If it had not been the Pharaoh’s
daughter who found Moses in the reeds, he might have been just one more lost
boy of Israel.
It’s a story with a lot of “ifs” in
it. It’s the kind of story where all the parts are held together by the grace
of God.
But I am hesitant to use the phrase,
because talking about the grace of God can be a risky thing; it can so easily
be misunderstood. It’s a phrase people use when they have avoided some
catastrophe, that it was by the grace of God. It’s what people say when they see
someone who has been dealt a horrible fate – “There but for the grace of God go
I.” It is as if to say the grace of God has chosen us and passed over that
other miserable wretch.
It doesn’t make sense to talk this way,
because we all know that even we who claim God’s love suffer our share of
hardships and heartbreaks. St Theresa of Avila, who worked herself nearly to
death for Christ’s church, committing her whole life to it, is said to have
heard the voice of God speaking to her at a particularly difficult time. “This
is how I treat all my friends,” the Lord said, to which Theresa replied, “Then
it is no wonder your Lordship has so few.”
Seriously, I don’t know how far we
want to go down the road of crediting God for every good thing and blaming God
for every bad thing that happens, keeping a tally of pluses and minuses. The
biblical text says God gave the midwives families as reward for their courage
and faithfulness, but we might say this is too quaint. We might claim that we
have a more complex, more sophisticated view of things now.

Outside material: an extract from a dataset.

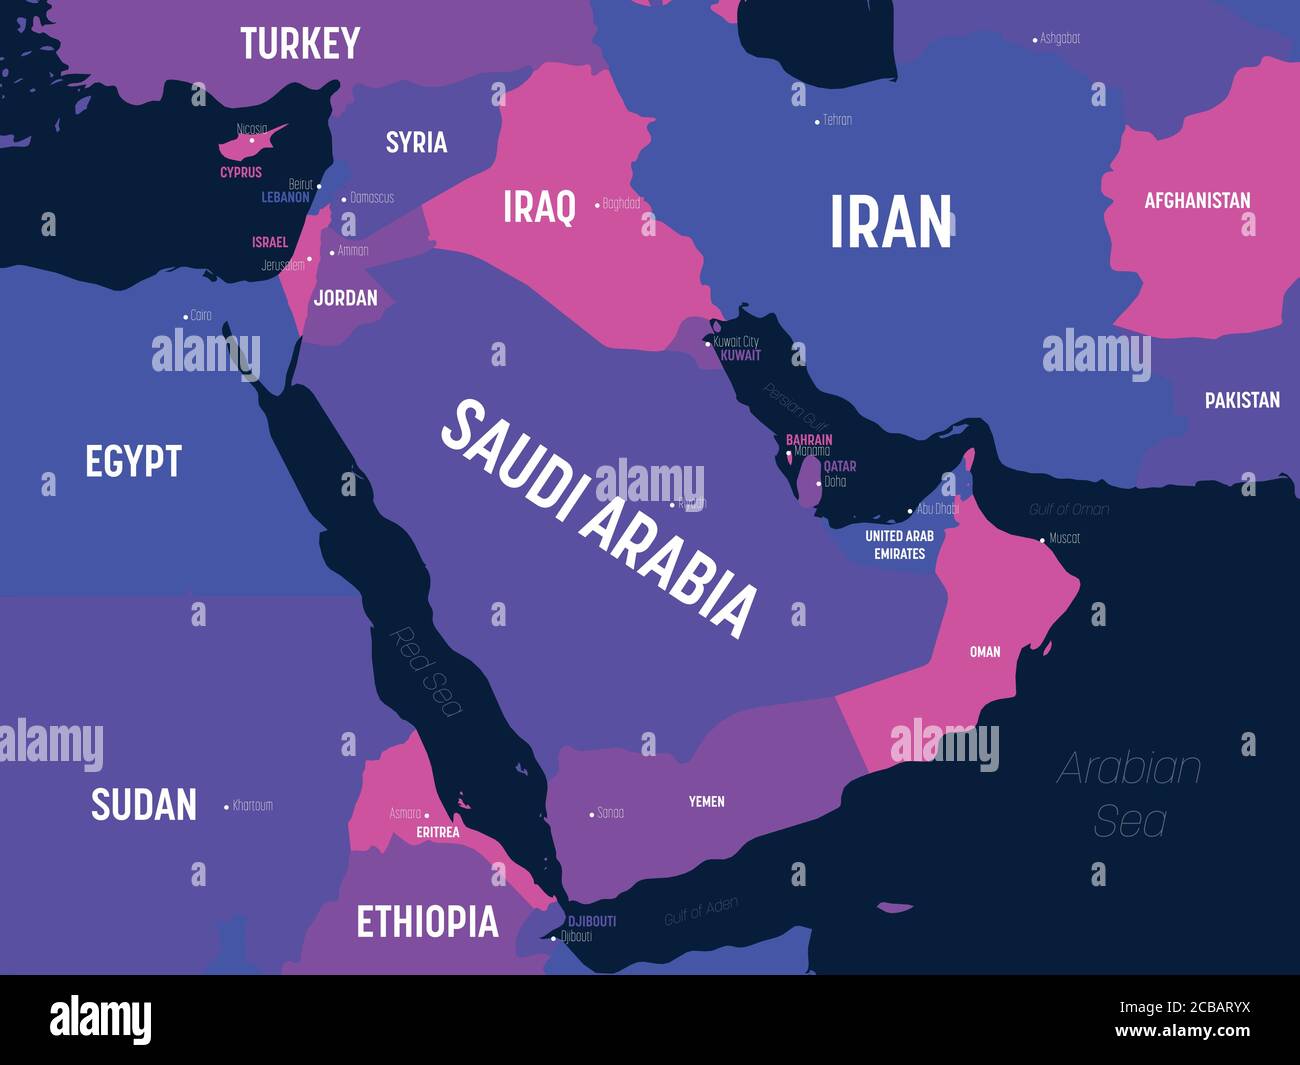 Mappa del Medio Oriente. Mappa politica dettagliata del Medio Oriente e della regione della Penisola arabica con l'etichettatura dei nomi di paesi, capitali, oceani e mari. Illustrazione Vettoriale

But do we? I wonder if I should say we
just don’t leave much room for ambiguity anymore.
In our world where everything is
crisply outlined in black and white; fact or fiction; where one plus one must
always and only ever equal two; we may have lost the ability to say –
The hand of God has saved Moses and
the hand of God has rewarded the
midwives and
the hand of God has chosen Israel even
while
the hand of God has allowed the
suffering of Israel;
to say that the grace of God is
present in all things because
the grace of God is not in what actually happens but in how we
experience what happens.
And how we experience what happens
will certainly affect the choices we make.

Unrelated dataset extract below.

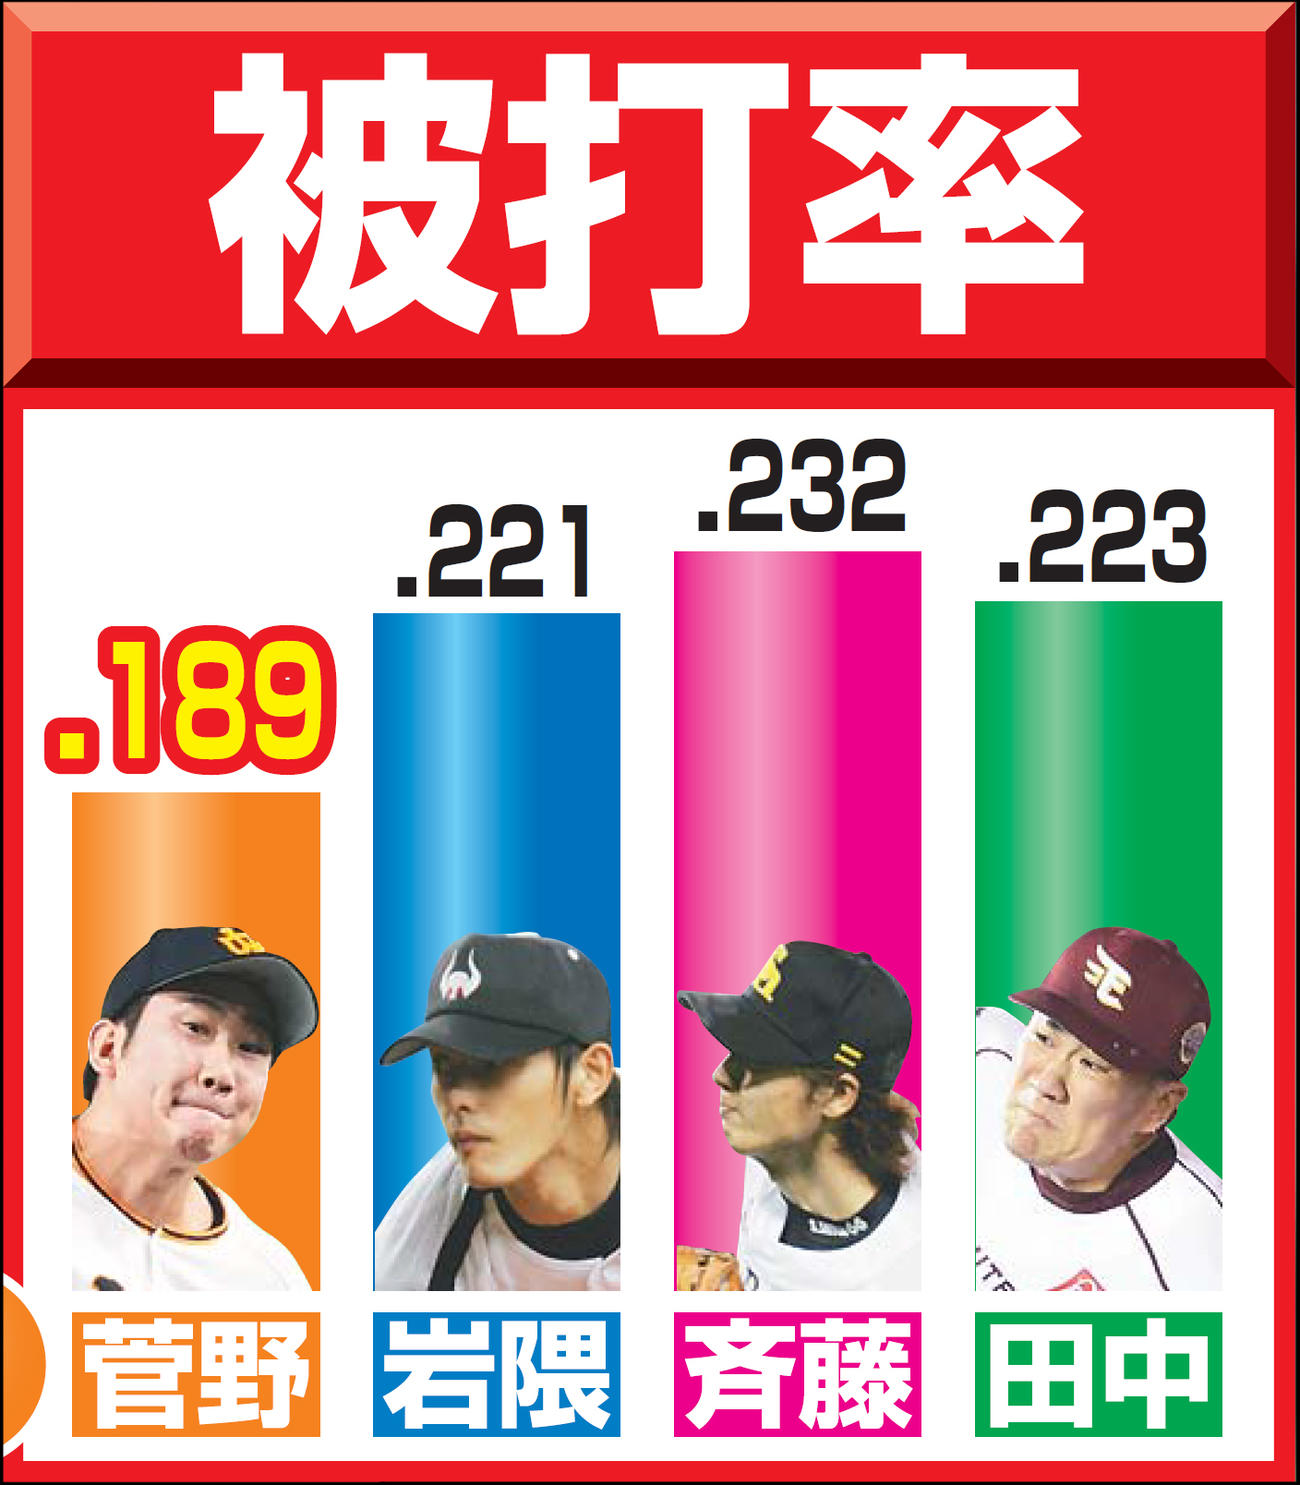 今季の巨人菅野、04年近鉄岩隈、05年ソフトバンク斉藤、13年楽天田中の被打率の比較

As the prophet Micah says, “God has
shown you, O Mortal, what is good.” God has equipped us with the ability to
discern evil from good. And what we see in this story about a time when a new
king arose over Egypt who did not know Joseph – - - - it is very much like what
we see in life: when things get hard, some will become the instruments of evil,
but others will stand up and say no.
And so, I say to you that it is not by
the grace of God that we stroll through a valley of sunshine and lollipops and
unicorns and butterflies.
Unicorns aren’t real, anyway.
But it is by the grace of God that we
know what is good and have the choice to step forward and say so.
May it be so. Amen.
photo: I have been making a collection of these hope signs that have been appearing during the pandemic. Hope is a good response to hard times.